Unprovoked superficial thrombophlebitis and subsequent venous thromboembolism are well-described albeit rare presenting features of advanced visceral malignancy that often manifest too late for curative intervention to be beneficial.

Case Presentation

We present the first reported case of early gastric carcinoma presenting with these paraneoplastic phenomena in an otherwise healthy farmer. The early presentation allowed for a curative partial gastrectomy, which itself was complicated by the presence of a deep vein thrombosis extending into the inferior vena cava. Fortunately, stabilization of the clot allowed for surgery to proceed without the need for a caval filter. The patient was referred for adjuvant chemotherapy and has since made an excellent recovery.

Conclusions

This case provides new evidence for the presentation of superficial thrombophlebitis in early gastric carcinoma and the potential for curative surgery in such instances. A high index of suspicion and a prompt diagnostic workup are essential for timely planning and execution of surgery in these early albeit rare presentations.

Peer Review reports

Background

Unlike the well-established association of spontaneous venous thromboembolism (VTE) with occult neoplasia, single episodes of unprovoked superficial thrombophlebitis have been suggested not to be associated with malignancy [1]. In contrast, the historically significant Trousseau syndrome (i.e. migratory thrombophlebitis) is a well-described association of advanced malignancy - particularly of pancreatic and pulmonary tumours [2]. The mechanism of this paraneoplastic phenomenon is unknown but has been linked to the late stage of these tumours at presentation, which in all reported cases to date, has precluded any form of curative intervention in these patients [3, 4].

Case presentation

A 41-year-old farmer with no significant past medical history presented to Casualty with acute, severe pain over the medial aspect of his right leg and thigh. Examination revealed exquisitely tender cord-like thickening along the distribution of the long saphenous vein. The patient firmly denied external trauma but an infective cause of the inflammation was presumed 'until proven otherwise'.

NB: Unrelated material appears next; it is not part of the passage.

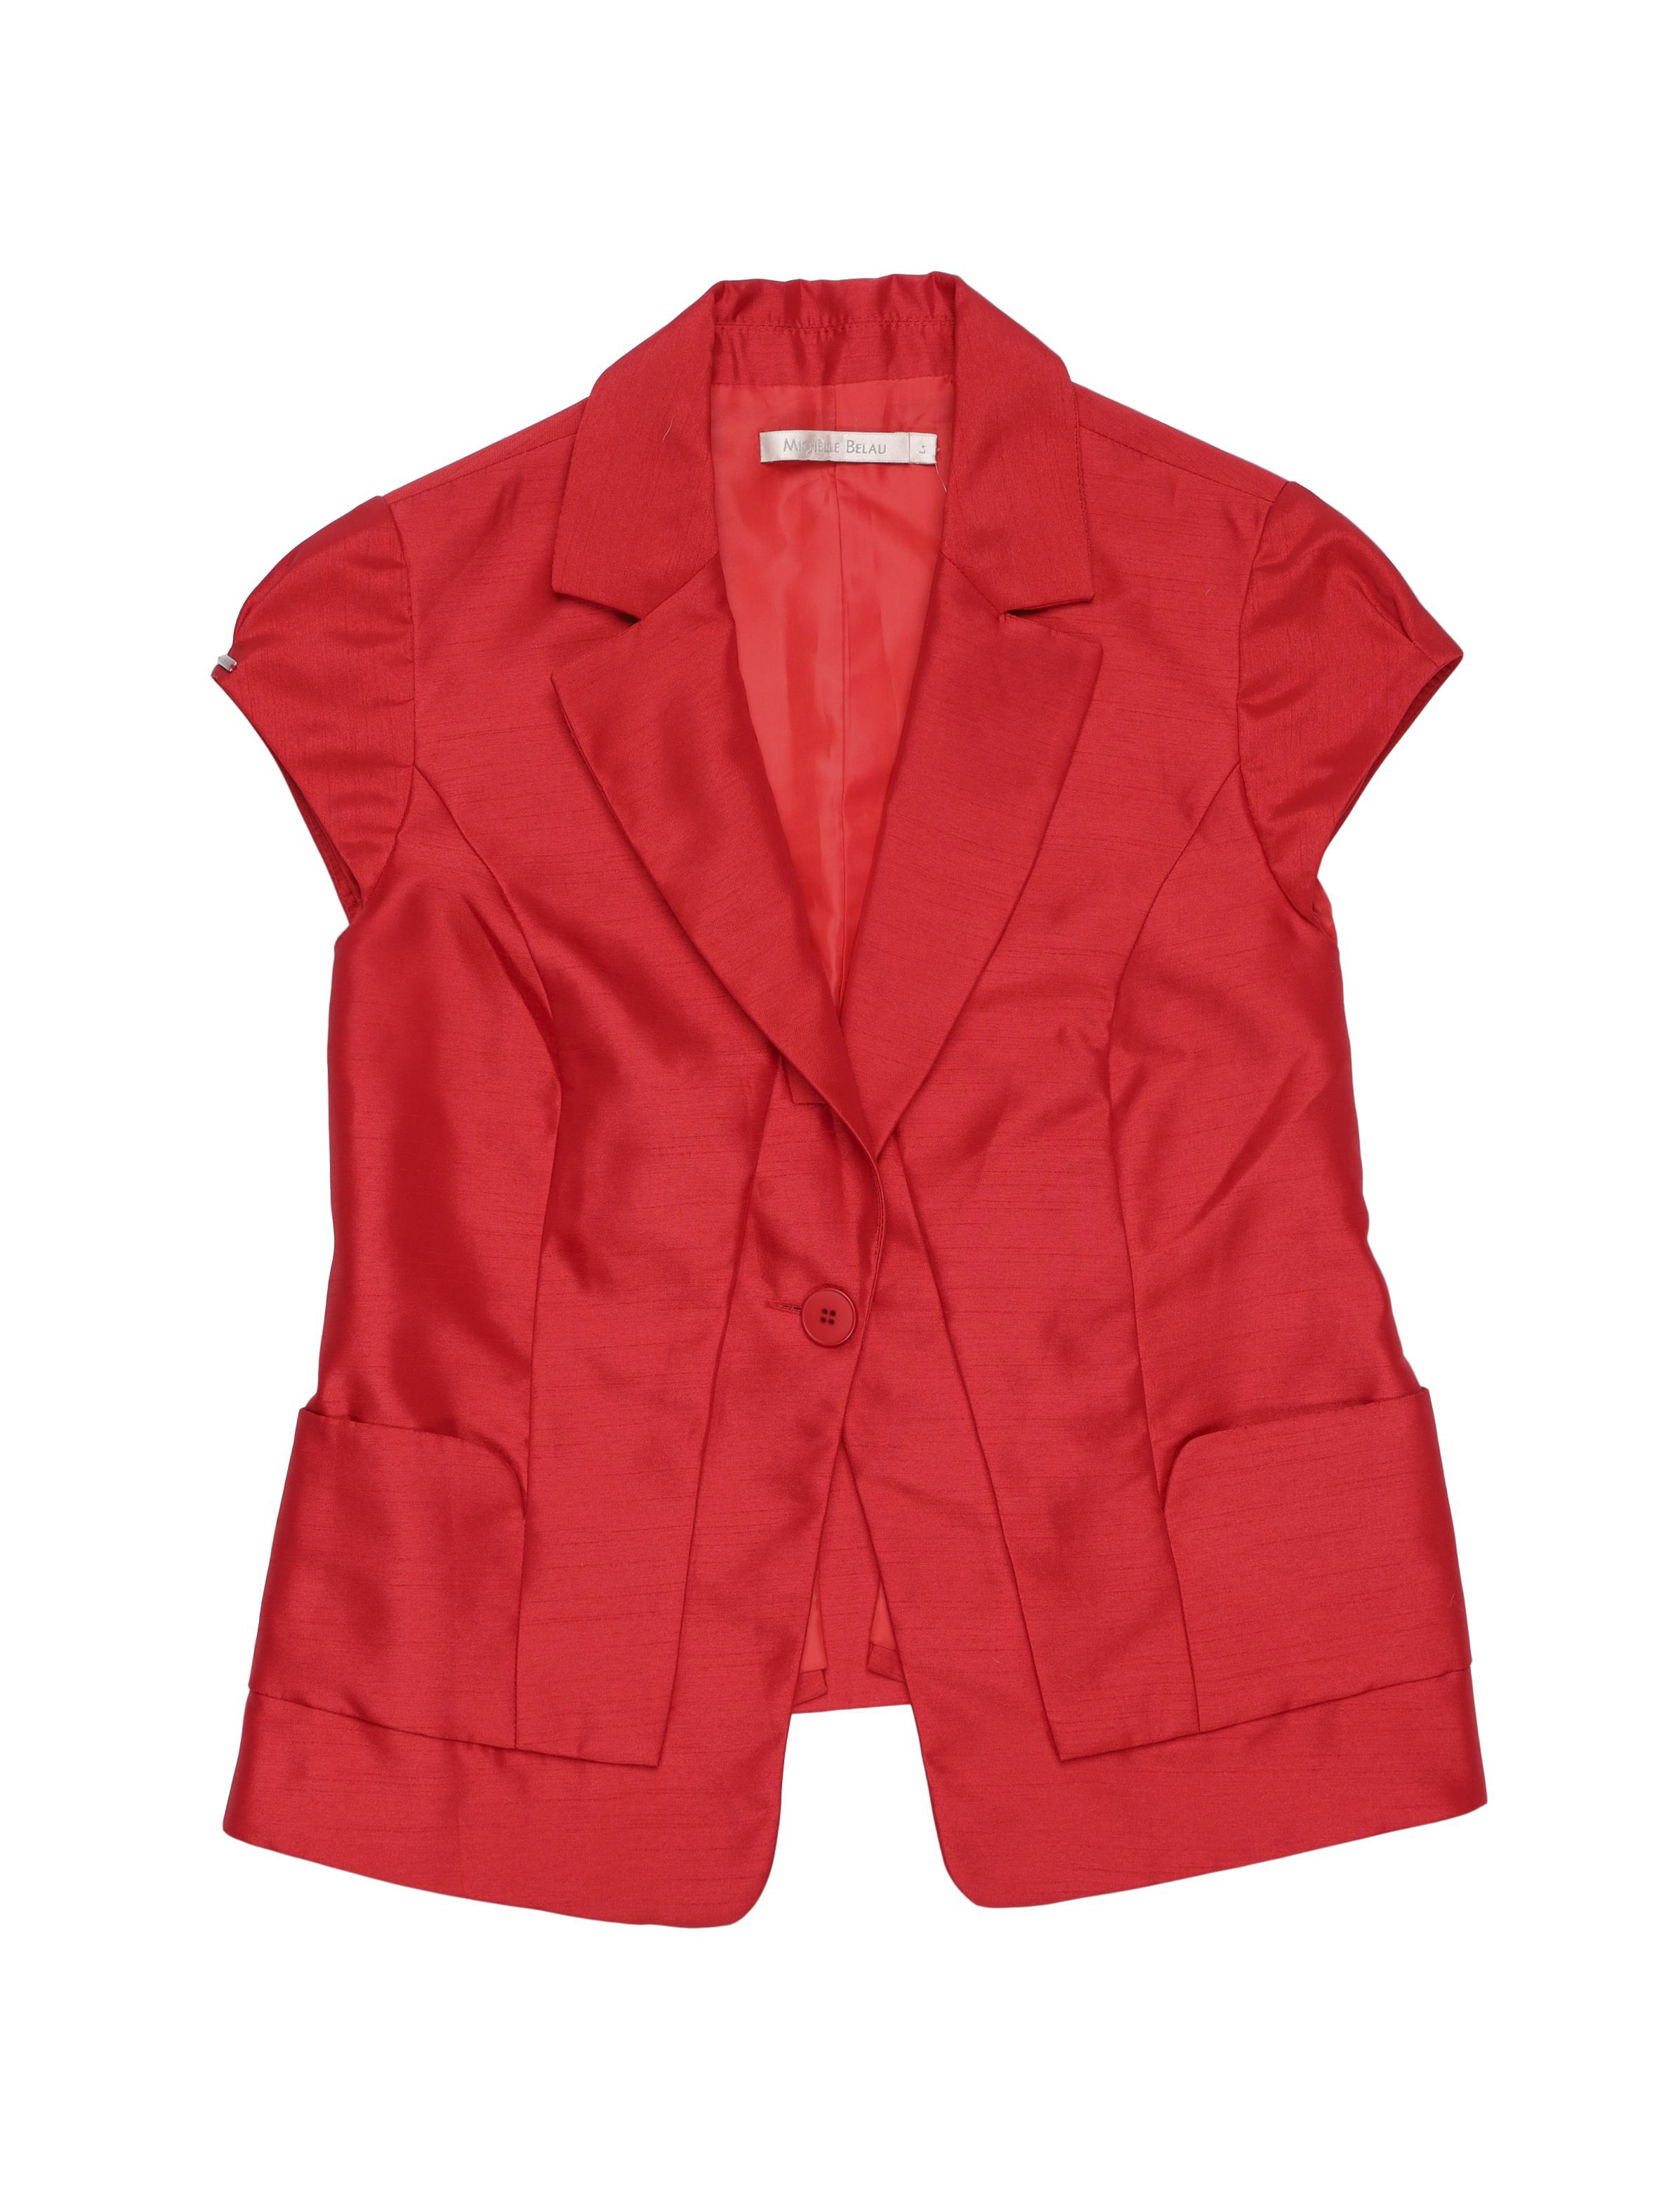 Blazer rojo Michelle Belau, con solapa, 1 botón, 2 bolsillos y forro
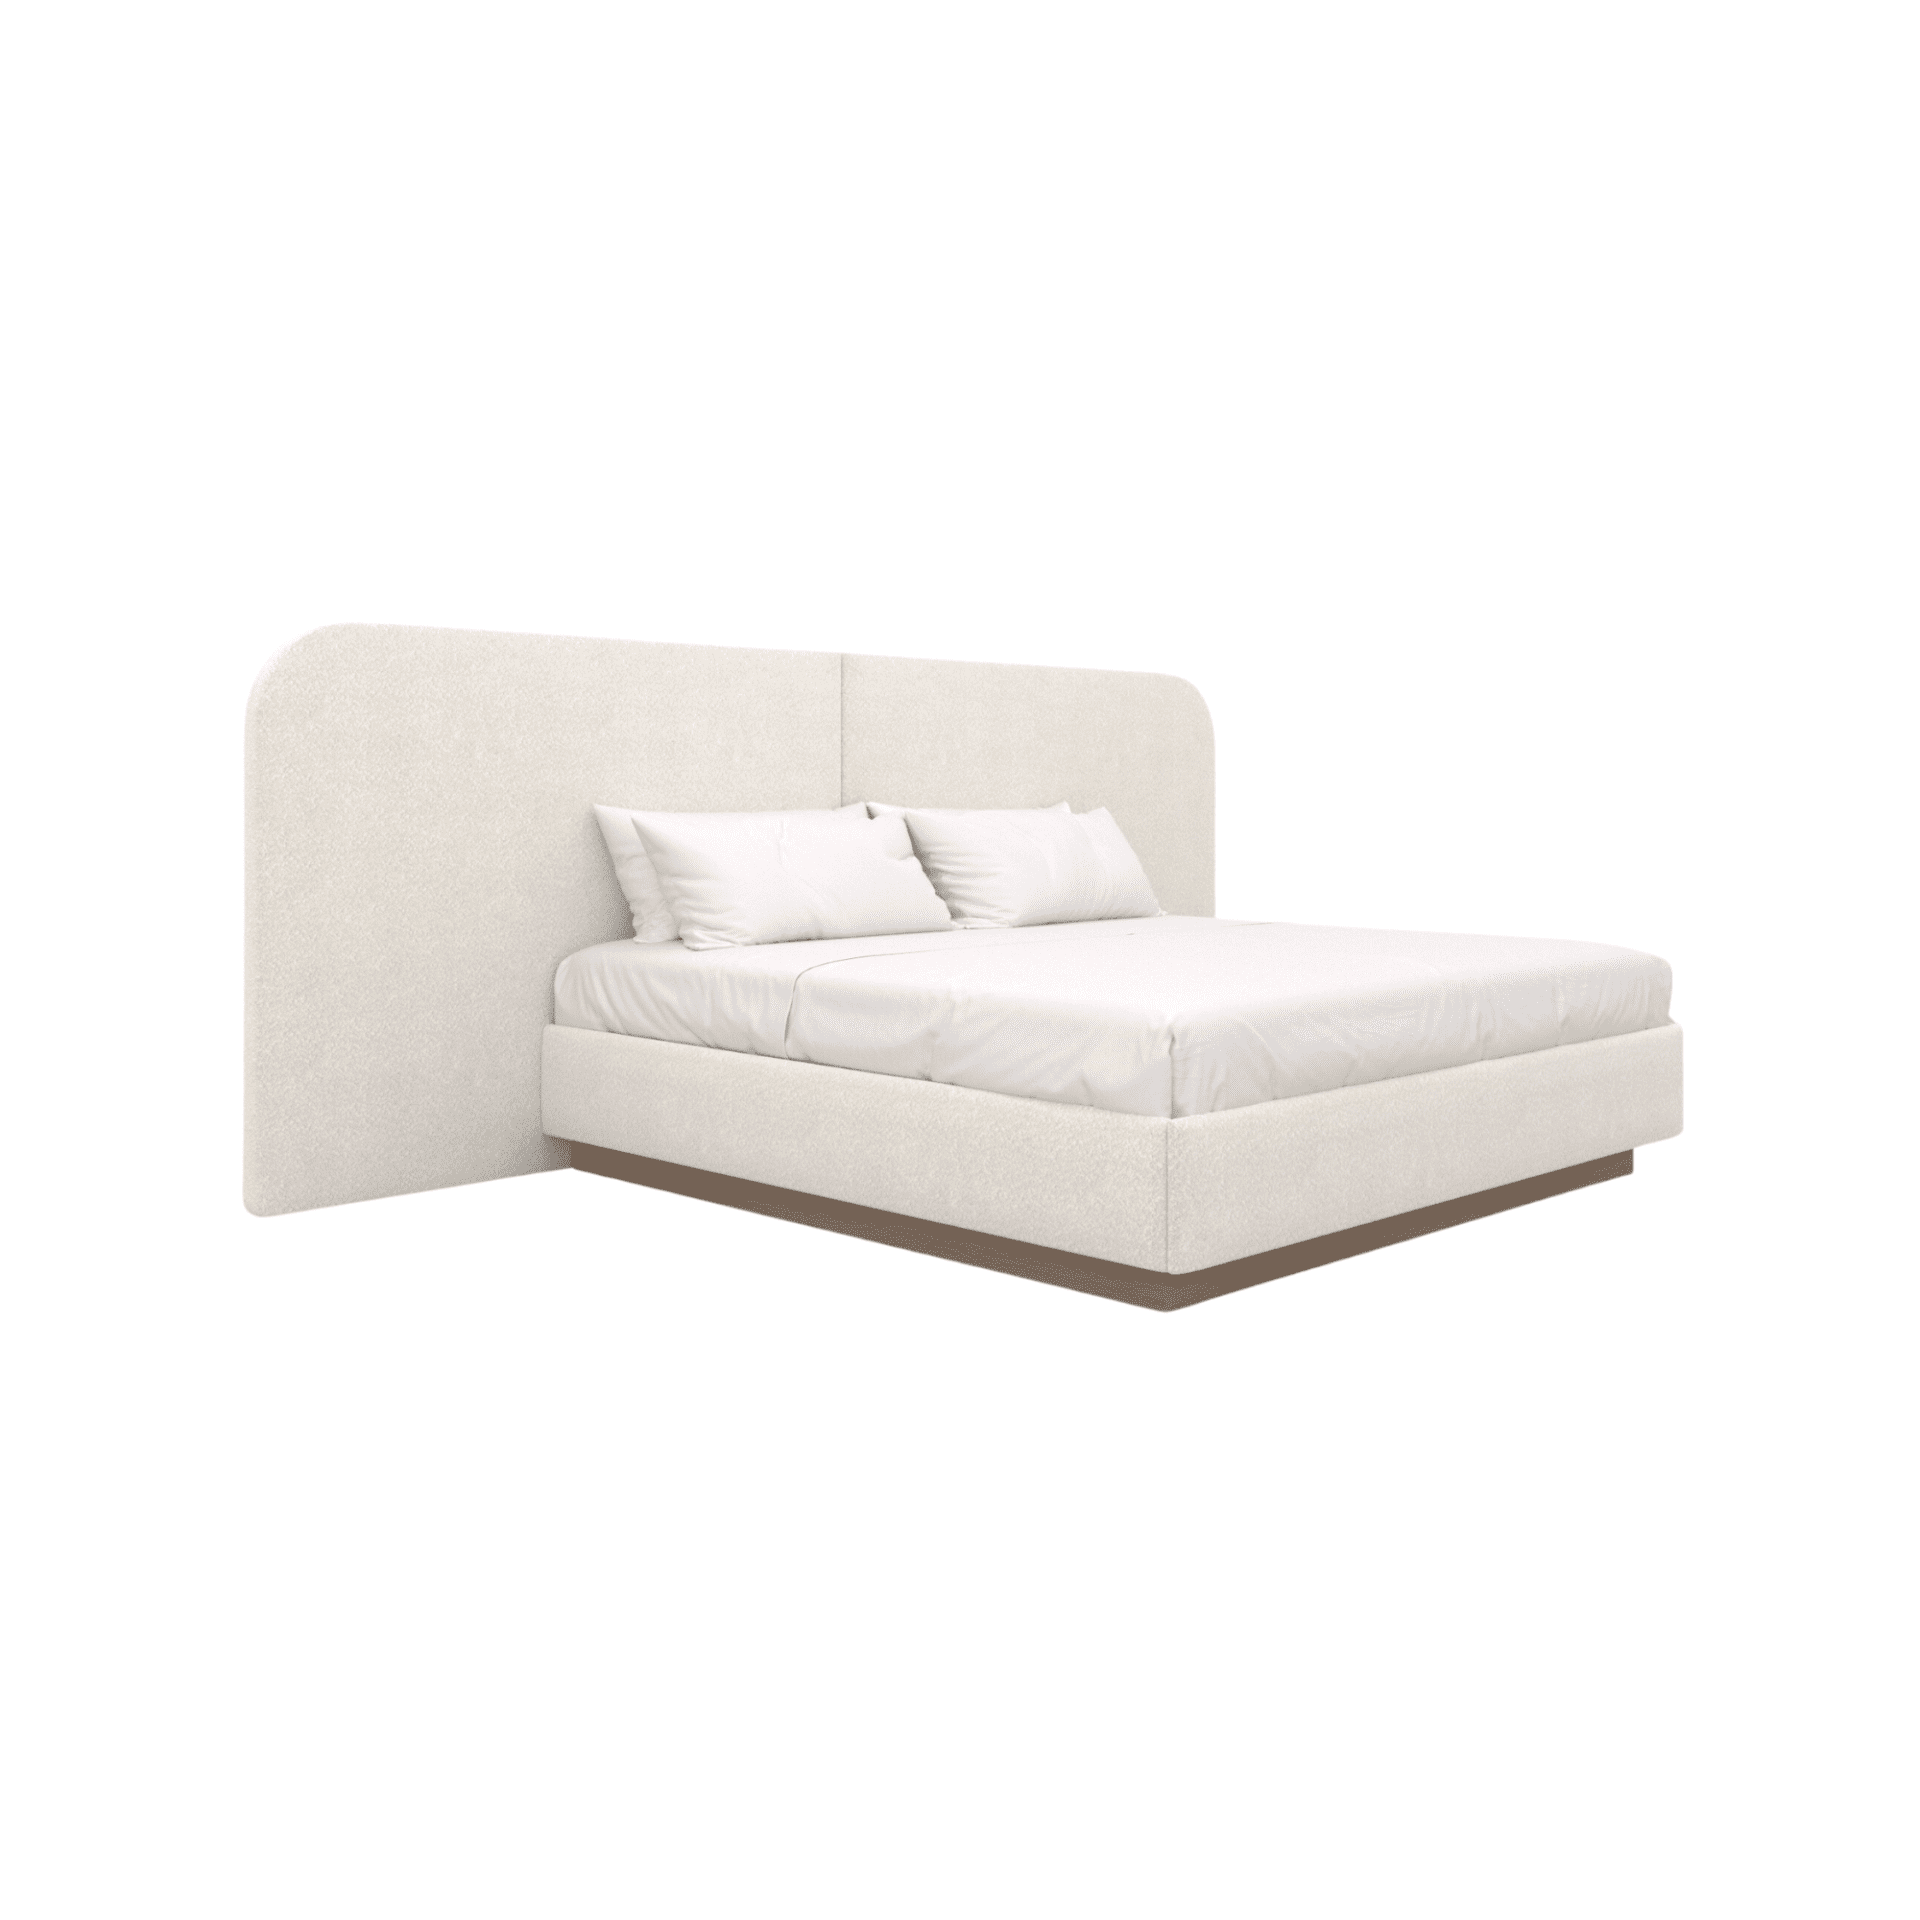 ACCORD-freestanding-upholstered-headboard-bed-luxury-furniture-blend-home-furnishings

Intravenous penicillin and flucloxacillin were administered but the inflammation persisted for a further three days. During this time, routine blood tests revealed a microcytic anemia (hemoglobin 9.3 g/dL, mean corpuscular volume 70 fL) of unclear etiology, suggesting the need for an esophagogastroduodenoscopy (EGD) to exclude upper gastrointestinal tract bleeding. Concurrently, acute swelling of his right calf prompted a duplex ultrasound scan (USS), which revealed a deep vein thrombosis (DVT) with vague suggestion of extension up to the iliac veins. The patient was therefore switched from his prophylactic regimen of low molecular weight heparin (LMWH; 5000 units of subcutaneous dalteparin sodium, once daily) to a therapeutic regimen (15000 units, once daily).

The EGD unexpectedly revealed an annular growth around the pylorus partially obstructing the gastric outlet. Biopsy at endoscopy revealed a primary gastric adenocarcinoma. A contrast CT scan demonstrated mucosal confinement of the tumour with no evidence of regional lymph node involvement or distant metastasis (Figure 1). In addition, the CT confirmed thrombosis within the right femoral vein with extension into the lower inferior vena cava (IVC) to just below the renal veins (Figure 2), as previously suggested on duplex USS. Clinical signs of an obstructed IVC were also apparent in the form of dilated superficial lower abdominal veins and a positive Harvey's sign. Nevertheless, the normal renal function and absence of microscopic haematuria supported non-involvement of the renal veins by the DVT.

Figure 1
figure 1

Contrast computed tomography reconstruction illustrating pyloric tumour (arrows) with consequent gastric outlet obstruction. No regional lymphadenopathy or distant metastases were noted.

Figure 2
figure 2

Contrast computed tomography of the pelvis demonstrating thrombosis (black arrow) within the lower inferior vena cava, just before the abdominal aortic bifurcation (white arrow).

In anticipation of surgery, anticoagulation was maintained with therapeutic-dose LMWH. A vascular surgical consult advised against the placement of an IVC filter as the relatively prolonged confinement of the DVT and therapeutic heparinization made further extension or dislodgement unlikely. A partial gastrectomy was performed with added precaution taken during dissection around the IVC to avoid thrombus dislodgement. Histology of the resected specimen confirmed a diffuse-type adenocarcinoma with marked acute and chronic inflammation but no lymph node involvement (i.e. T2N0MX or Stage I disease). The patient was subsequently referred for adjuvant chemotherapy and at 6-month follow-up, displayed no signs or symptoms of recurrent disease.

Conclusions

Although the natural progression of our patient's superficial thrombophlebitis cannot be extrapolated (i.e. to ascertain if it was truly isolated or migratory), this is nonetheless the first reported case of early gastric cancer presenting with this phenomenon and subsequently amenable to curative surgery. The other significant feature of our case was the development of DVT, which is similarly unusual in the early stages of malignancy [5], and occurred despite prophylactic heparinization at admission.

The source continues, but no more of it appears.